Sunday, March 27, 2011

Daring Bakers March Challenge

As much as I'm enjoying the Daring Bakers challenges--being part of an online society with secrets is fun!, I'm beginning to suspect that the DBitS (Daring Baker in the Sky, if you recall) might hate me. There is no other explanation for all the time I spend, as an aspiring DBer, worrying about meringue. We saw this with the pavlovas, in particular, but this month is no different. The March challenge was a meringue filled coffee cake. When I saw this, I once again set about scouring the internet for new methods and recipes that just might produce something like that elusive fluff that can only come from the elixer of fetal birds. Finally, I found a few sites advocating the use of soy protein isolate and claiming that a bit of it can be whipped up with some cold water into stiff peaks and then baked on a pie or as meringue cookies. I splurged on all the ingredients to make this enchanting stuff only to be disappointed once again. I should have been more wary when the last comment on the blog was a person who had found her/himself in my position, whipping the protein isolate with water for 10, 15 minutes and having it remain stubbornly bubble-less. *sigh* Since the coffee cake was all ready to be filled at this point, I opted to just skip the meringue step altogether and fill it with sugar, cinnamon, sliced almonds, and chocolate.
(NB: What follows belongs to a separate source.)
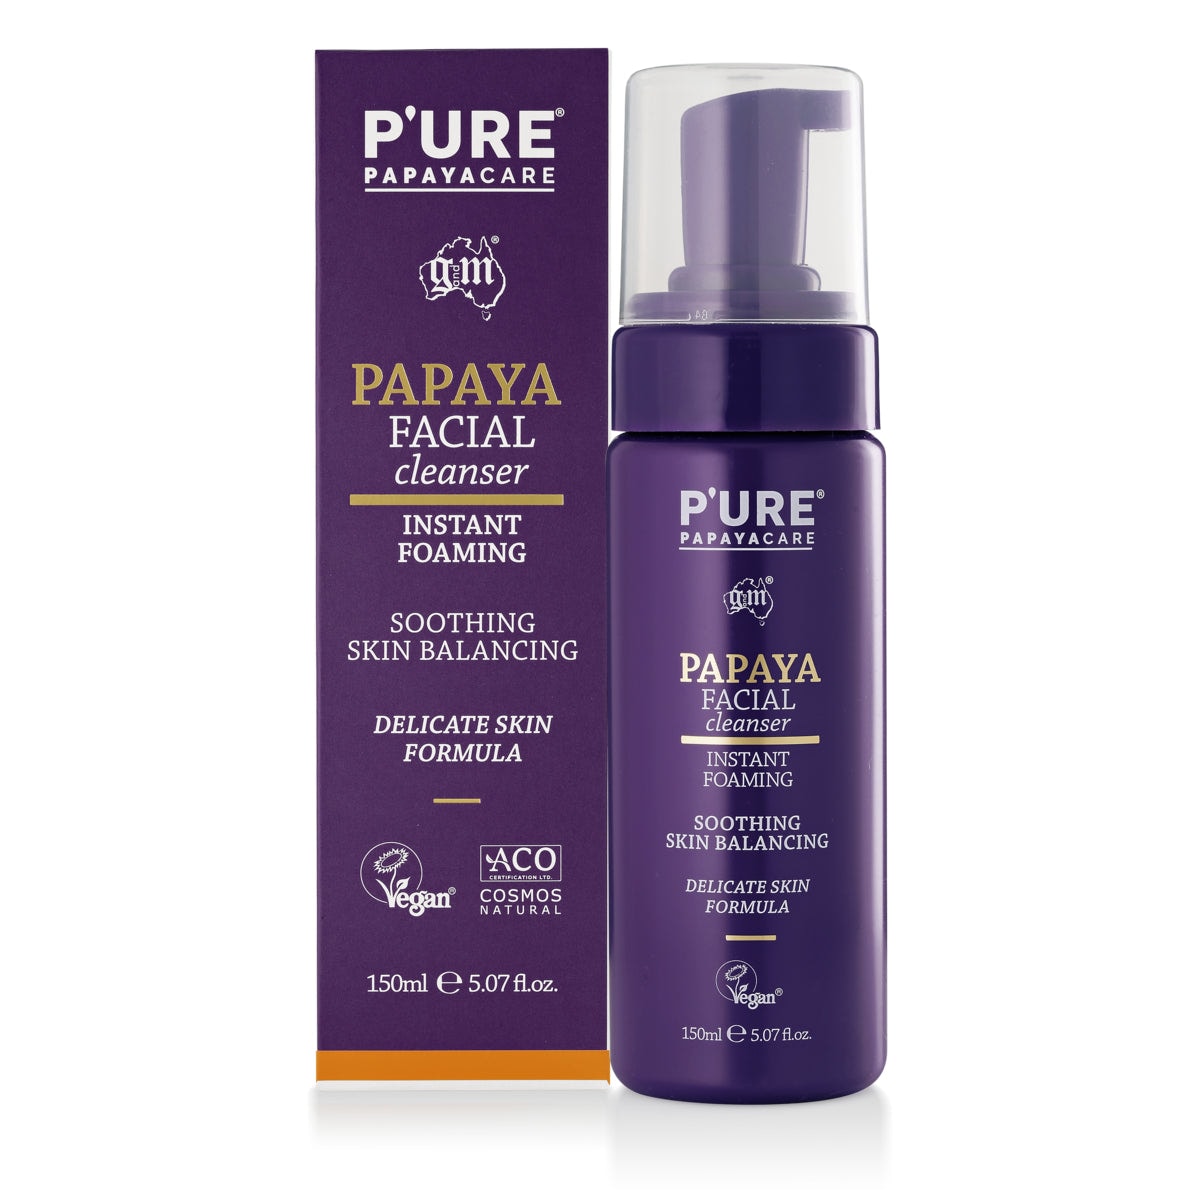 P'ure Papayacare Papaya Facial Cleanser 150ml

Had I been as wary as a vegan meringue project really justifies, I would have had a contingency plan of some sort--maybe some ricemallow fluff. Pride goeth before the fall, and all that.

In spite of this failure, the coffee cake was delicious and quite decadent, mostly owing to the high fat content of the cake. I had never made a yeasted coffee cake before. Coffee cakes, in my family's culinary lexicon, are quick bread sorts of things with a streusel-like topping. This yeasted coffee cake was actually very similar to the stollen from December. You make a rich dough, let it rise, fill it, roll it up, shape it into a wreath, let it rise again, and bake it off. Again, I'm not including the recipe here because I pretty much just veganized the one listed in the Daring Bakers instructions. If you are dying to make a rolled, yeasted coffee cake and think you can best me on the meringue step, by all means message me, and I'll share it. I am easily bested.

1 comment:

Unknown said...

Really, I bet you could just exclude the meringue since it isn't obviously there once it is baked. I've been struggling with vegan baking mysteries lately, so I commend your attempt!